The boy looked up and smiled slowly. It was a straight, broad smile. Her urge to say something sarcastic withered. His eyes were a steel blue, his face well-planed, with lips that were sensitive-seeming without being overfull. Her mind began repeating inane thoughts in bold with exclamation points. Thought fragments and clips of unoriginal coherency. “Incredibly attractive!!” “Gorgeous beyond belief!!” She wasn’t as turned on as she had expected to be. She was more fascinated than anything, and captivated by his idealness. She had grown accustomed to being aroused by boys less perfect than he. Boys with thinner chests and sweeter faces. She wasn’t participating as much as she had expected she would. It wasn’t that she wasn’t in the mood to be kissed in such a passionate manner, she just wanted to look at his shoulders.

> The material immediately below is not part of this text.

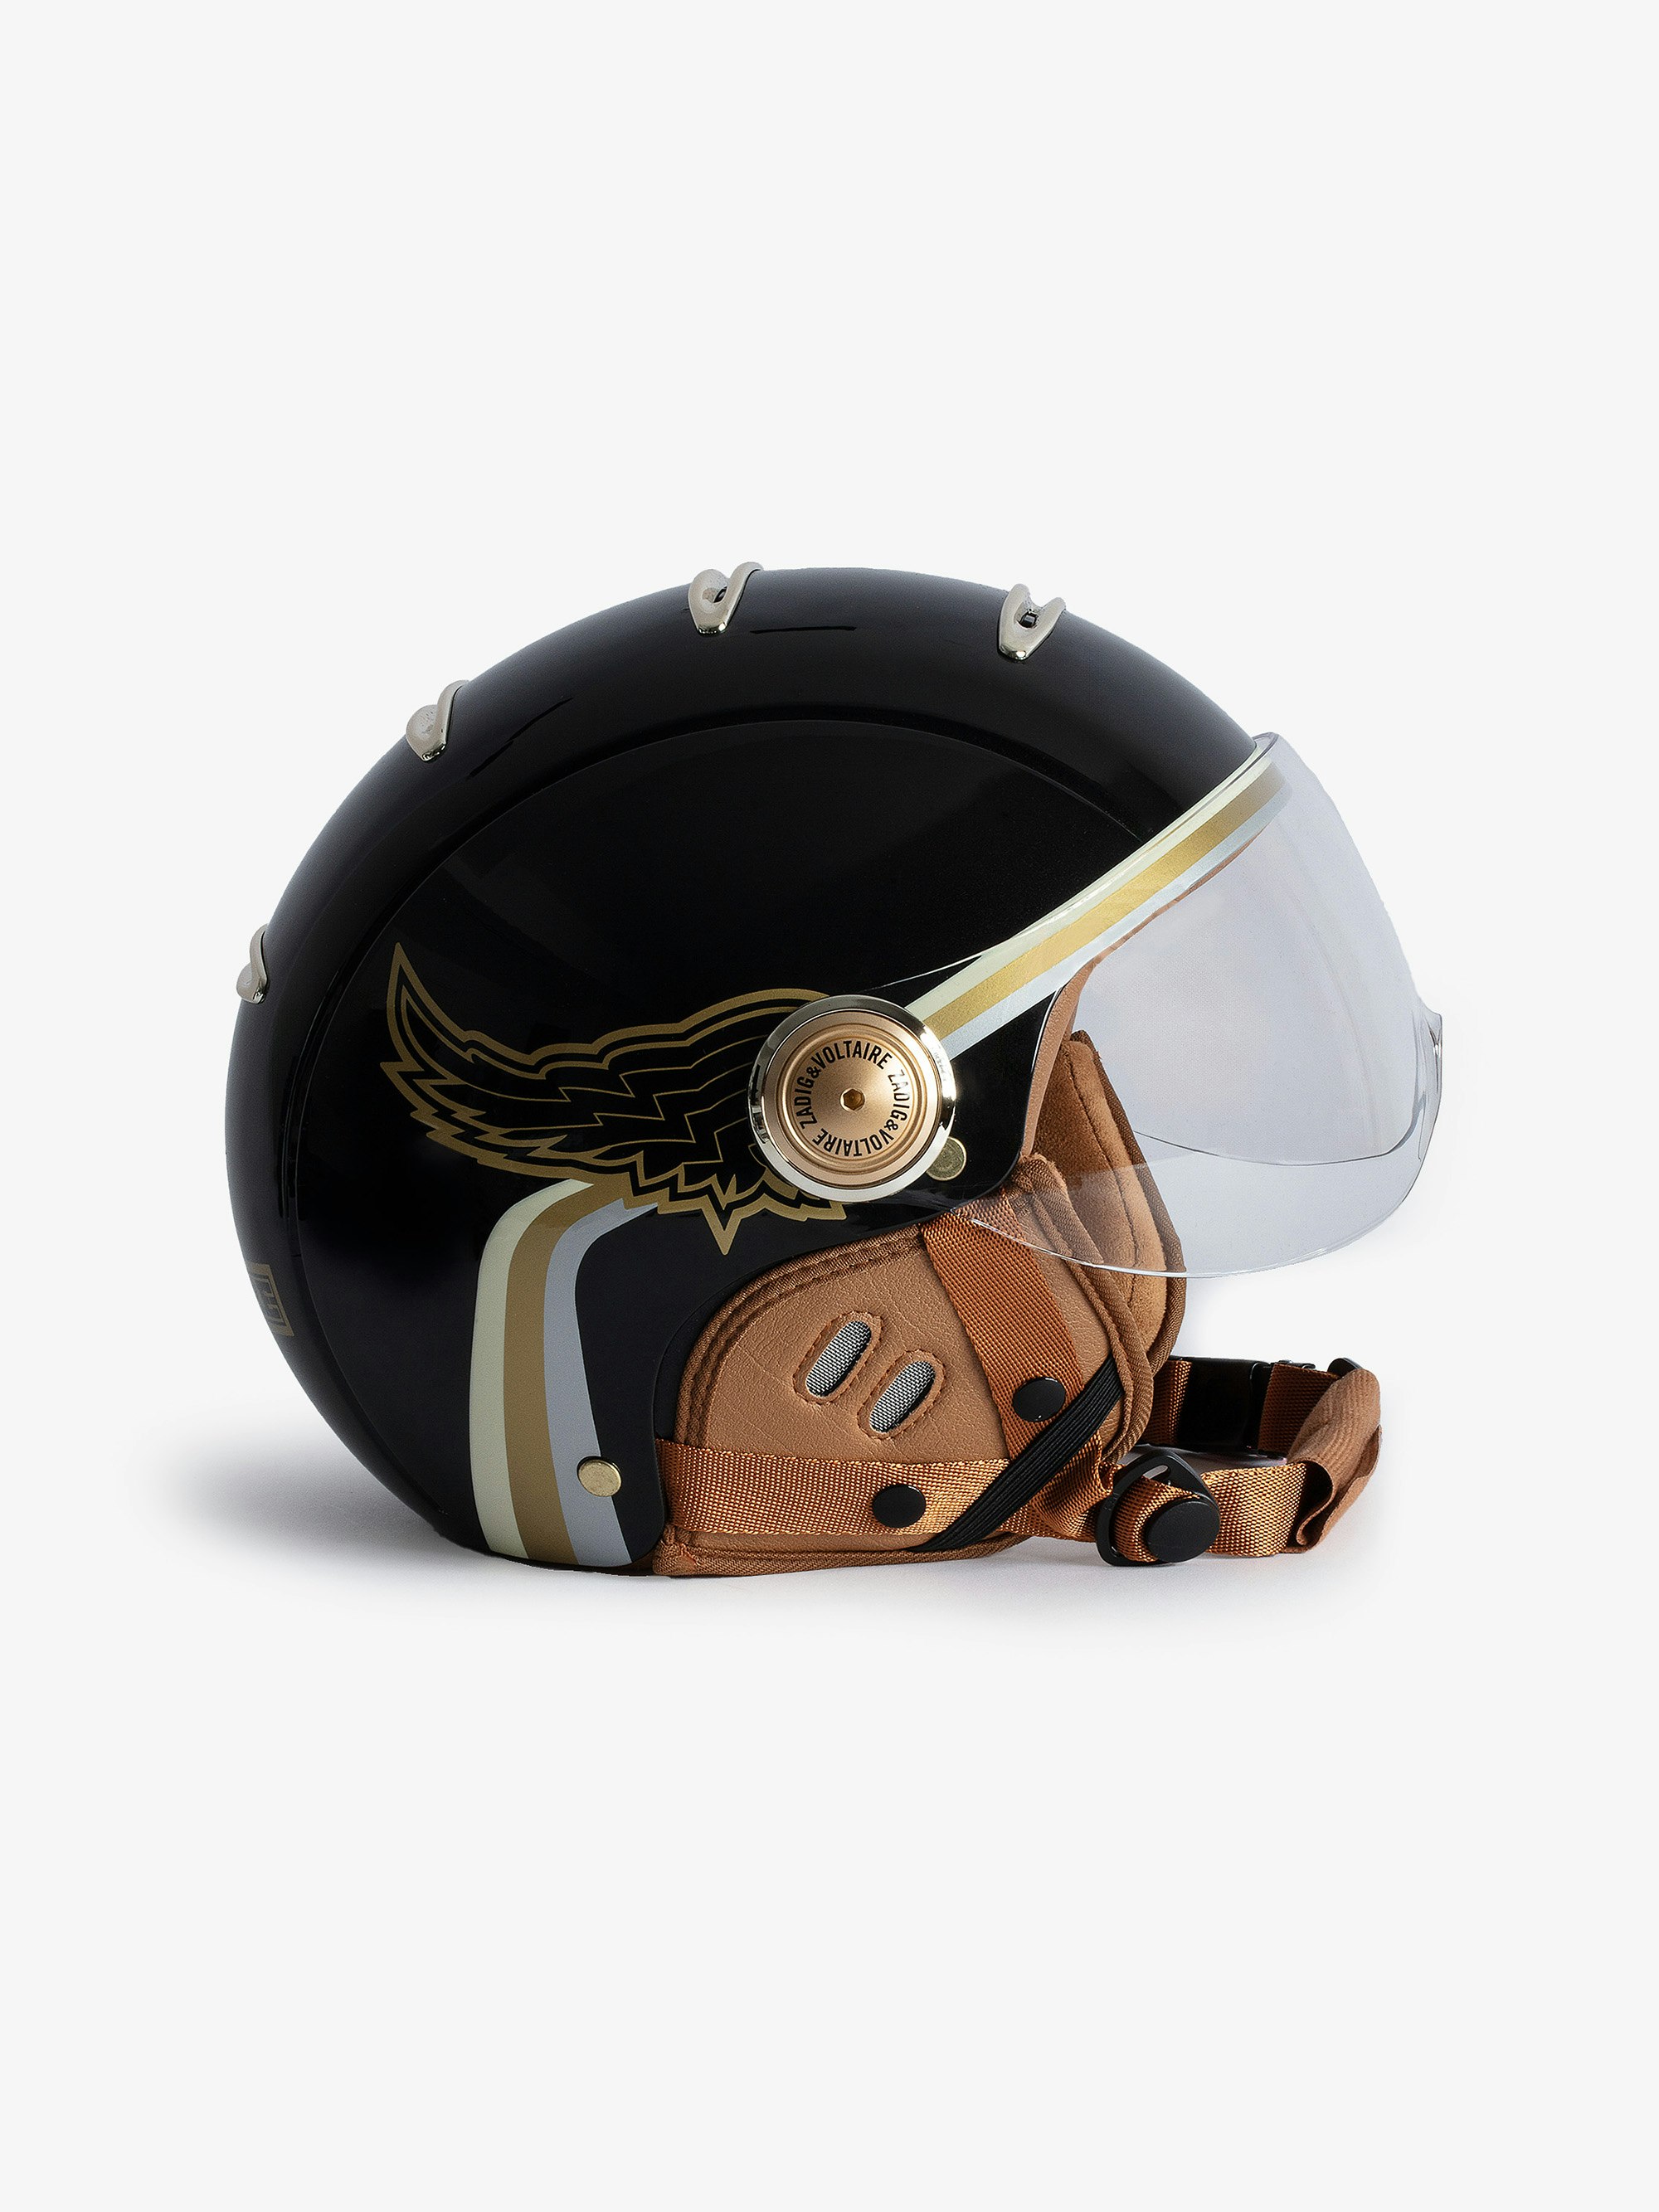 Wing Breaker Bike Helmet - Voltaire Vice x Mârkö Helmets black bicycle helmet with visor and adjustable buckle.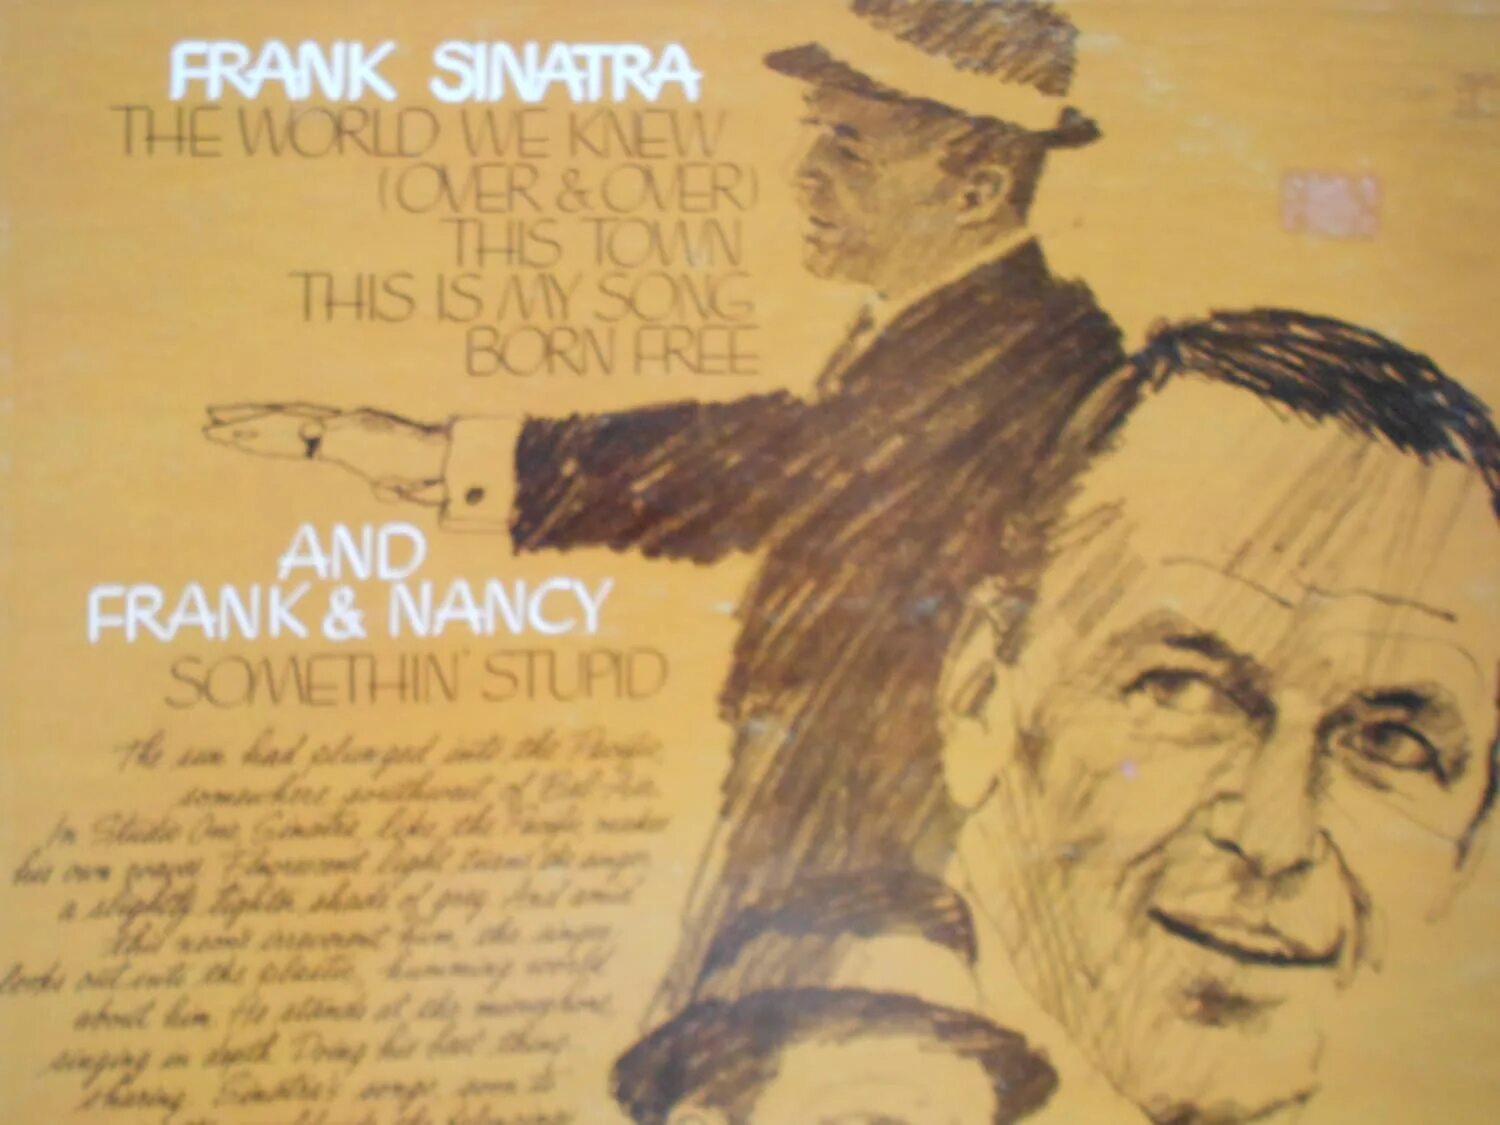 Frank Sinatra - the World we knew. Frank Sinatra the World we knew пластинка. The World we knew Frank Sinatra обложка. Frank Sinatra - the World we knew (1967) Ноты. Sinatra the world we

She drove him to the train station. When she opened the car door it scraped the flank of a green van, leaving a delicate white line. They were late. The train was arriving.
“I love you!” he yelled, running up the steps to the platform. People looked around towards them, with the half bored curiosity of travelers. She ran after him reflexively. She got to the top and he was entering the train. He turned and smiled. They stood, he inside the sliding door, she at the top of the steps. His smile was brilliant and helpless.
“I love you,” he said again, holding his arms out a little. She walked forward and he seized her, so that they leaned over the gap between the train and the platform. The door would hiss shut in a moment, but he held her like he wouldn’t let go. When she glanced down she could see gravel and litter and the planks of the track, like giant stitches, closing the land. If the distance between us is a wound, she thought, the tracks hold it closed. But the image was meaningless to her. It was poetic and empty. She lost it to the feel of his denim jacket against her cheek and back. Then, before the door could shut, she pulled out of his arms and walked away. Behind her she heard the train begin to move. She was so thirsty. Probably from the pizza. Probably from all the kissing.
The train was gone. The soda machine wouldn’t give her a lemonade, but it dropped a Coke. A boy in a kipah hugged a middle-aged, dull-looking woman. She began to walk back to her car. Two men walking behind her were talking about the colors of the beards they had recently shaved. She wondered if any of the people who had heard the boy shout, “I love you!” were still around. She wondered if they felt anything when they saw her. She felt like a movie theater after the movie’s ended, with a few old women still collecting their coats and umbrellas at the front and an exhausted-looking teenaged couple making out in the back. With a stoic janitor sweeping between seats beneath the huge, blank screen. She felt like the part that isn’t in the plotline for more than a few pages or a couple of minutes, because it gets too boring too quickly. She suspected that part was a large part of life. In a strange way she almost liked it. Perhaps because she knew she wasn’t supposed to, and she had long ago sworn to the world that she would enjoy it, perhaps because it was wide and stark like winter. Something blank can always be painted. She thought vaguely that perhaps the more her life left her bland and naked, the more she would see of herself, and the more she would understand. It was a thought she couldn’t hold long enough to shape into anything pointed.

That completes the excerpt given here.